START INFORMATION SHOWN

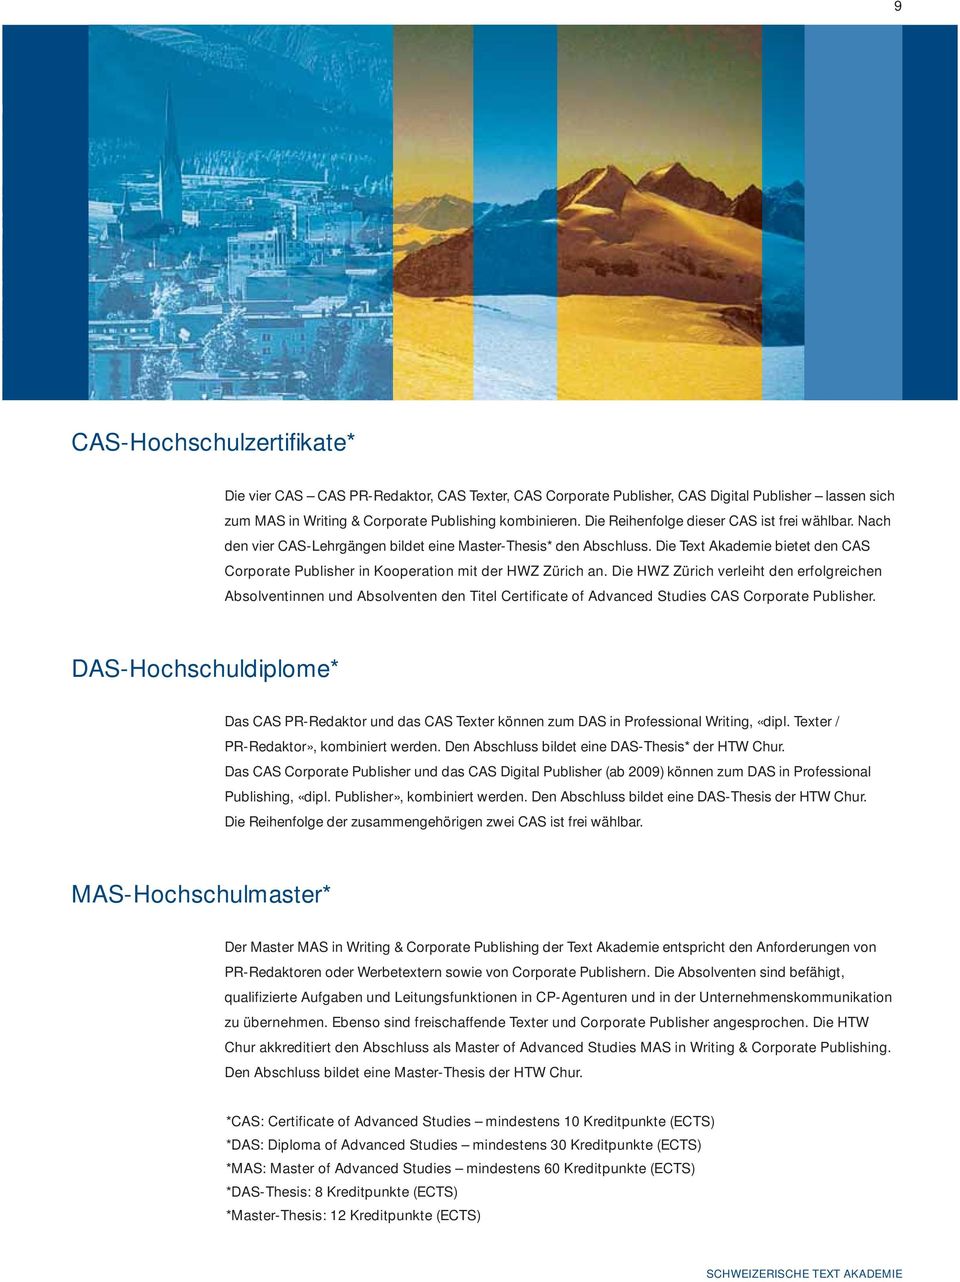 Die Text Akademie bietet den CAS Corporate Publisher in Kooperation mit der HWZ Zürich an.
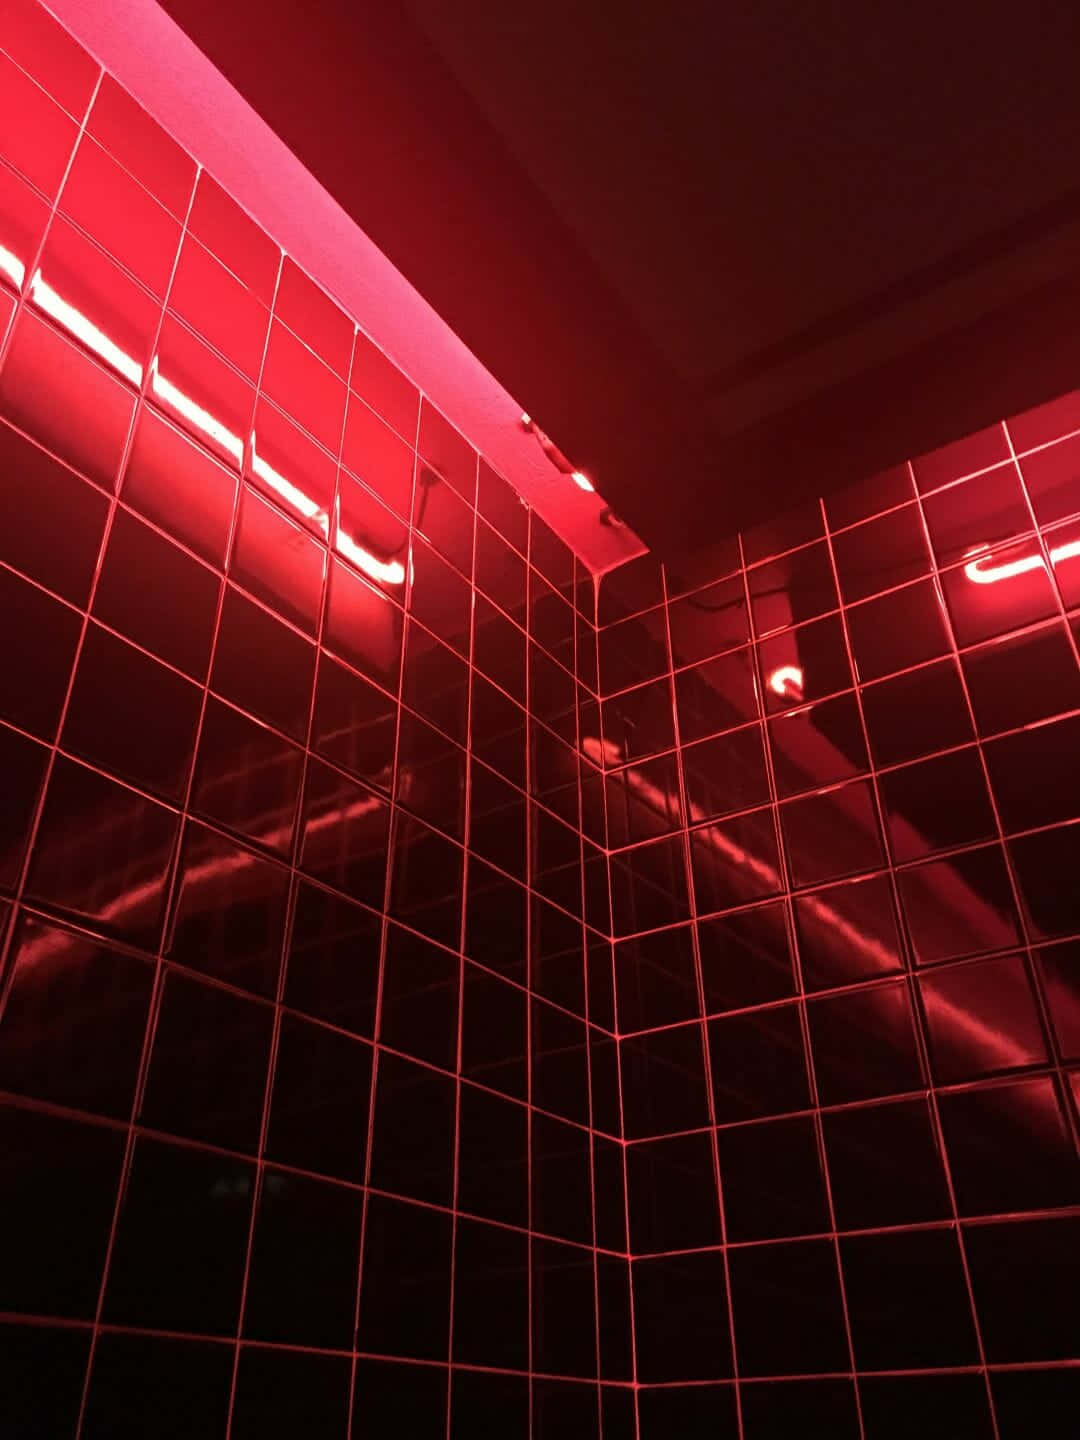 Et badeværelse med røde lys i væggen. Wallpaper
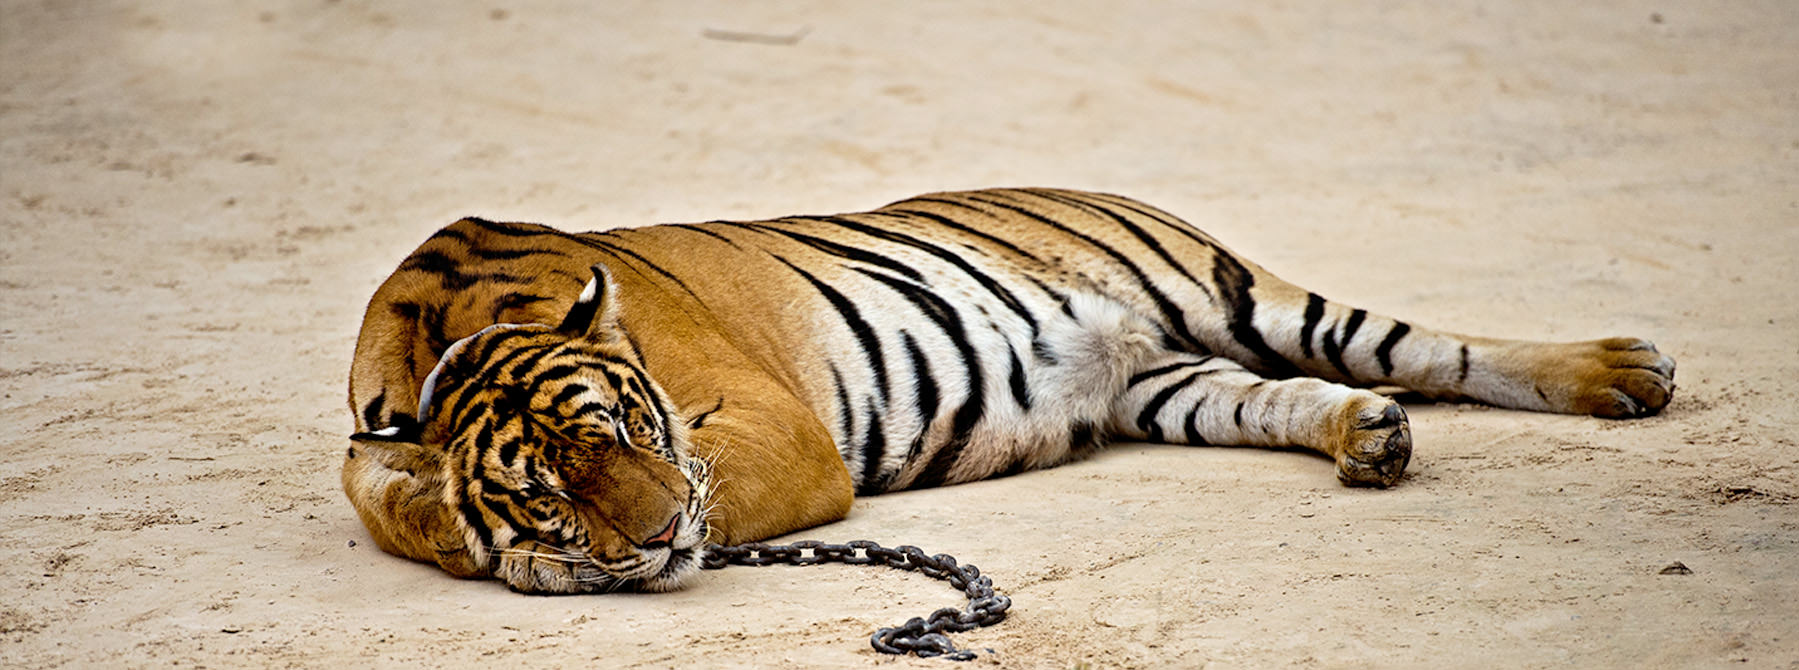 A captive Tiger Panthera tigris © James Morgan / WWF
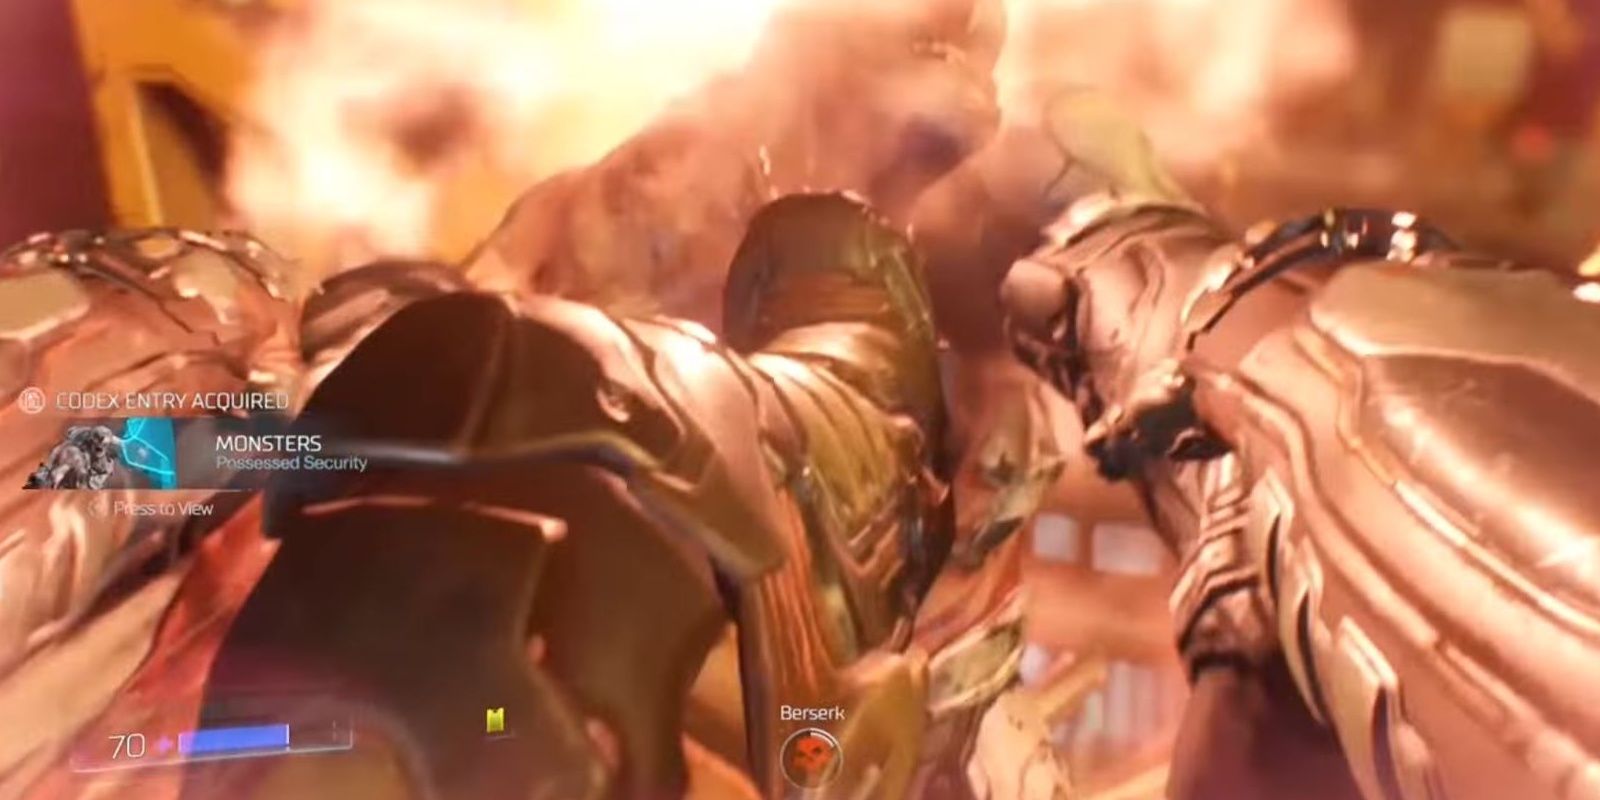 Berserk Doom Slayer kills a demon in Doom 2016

END INFORMATION SHOWN

BRIEF: Each line of the data should be quoted exactly, with pictures left out.

OUTPUT OF THE TASK:
 Die Text Akademie bietet den CAS Corporate Publisher in Kooperation mit der HWZ Zürich an.
 Et badeværelse med røde lys i væggen. Wallpaper
 A captive Tiger Panthera tigris © James Morgan / WWF
 Berserk Doom Slayer kills a demon in Doom 2016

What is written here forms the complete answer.